Merhi turns the tables on her readers, and asks them to consider the consequences of lumping a diverse Jewish global community into one category:

“…Many Arabs do not even know the difference between a “Jew”, “Israeli”, and “Extremist”. Whereas Jews can hold any nationality, Israelis hold Israeli citizenship and include some Palestinians, and extremists may be Jews or Israelis and many times represent the voice of the Likud party in Israel as opposed to the more moderate Labor party….Arabs need to move beyond an agenda that highlights the failures of Israel as they perceive them, towards an agenda that promotes human rights, empowers Arab youth, and builds more democratic institutions.
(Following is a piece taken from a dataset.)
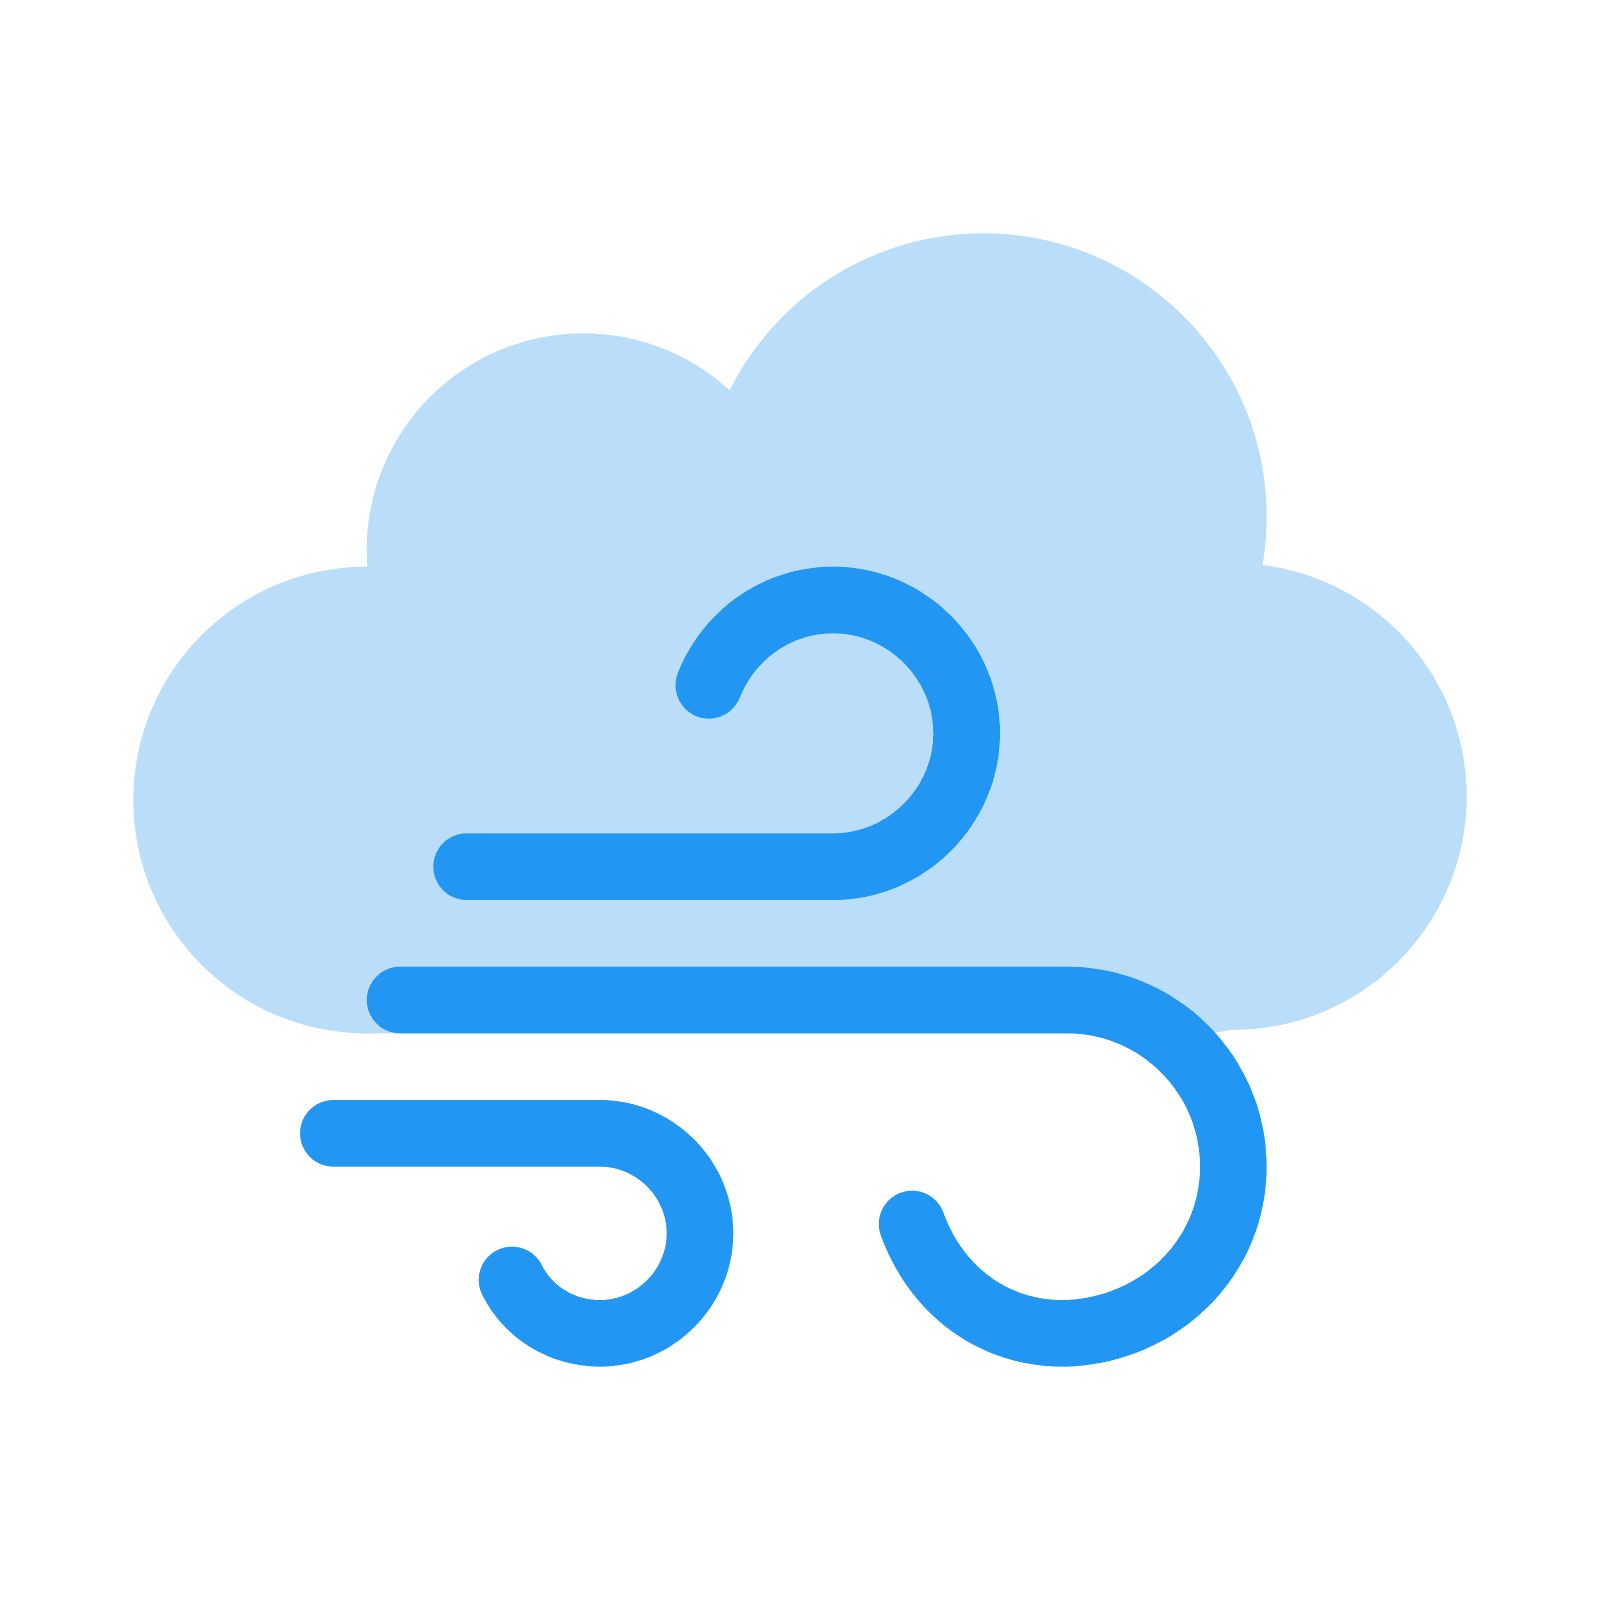 Weather at getdrawings com. Cloud clipart windy

These goals ought to form the foundations of any Arab dialogue that will unify Arab countries in the region.”

Mehri notes that the US Presidential elections have been closely followed in Israel, but not in the Arab world. She explains:

“Many Arabs would be surprised to learn that a US presidential candidate with promising potential for winning the US elections is both non white and son of a Muslim who used to live in Indonesia: Barack Hussein Obama is perceived by many as the best candidate for leading change in foreign policy in the Middle East.”

Side note: Some Americans might agree that this is one of the few occasions in which it is advantageous to mention Senator Obama’s middle name in a public forum.

Most importantly, Merhi gives sound advice to both her Arab readers and the voting American public:

“Arabs need to know that according to recent polls (Gallup), 80% of Americans want to see a change in American foreign policy. In general, Arabs fail to differentiate between the American people and the American administration…

..By the same token, if the Americans do not take the time to think beyond their borders and accept to elect officials who are not clear about a foreign policy agenda for the Middle East, they have themselves to partially blame for tragic events like September 11. The American public needs to pressure US presidential candidates to bring fresh ideas to the table.”

Her final message gives advice for all three publics:

“Arabs, Israelis, and Americans need to start listening and talking in a language that overcomes biases and stereotypes. The “Arab voice” and the “Jewish voice” represent two sides of the same coin, and one that must ultimately bridge social and economic divides and inequalities, protect human dignity and life, give hope to the youth, and build more stable democratic institutions in the Middle East. The US administration doesn’t have to an honest or impartial broker, but it needs to be an effective intermediary between Arabs and Israelis.”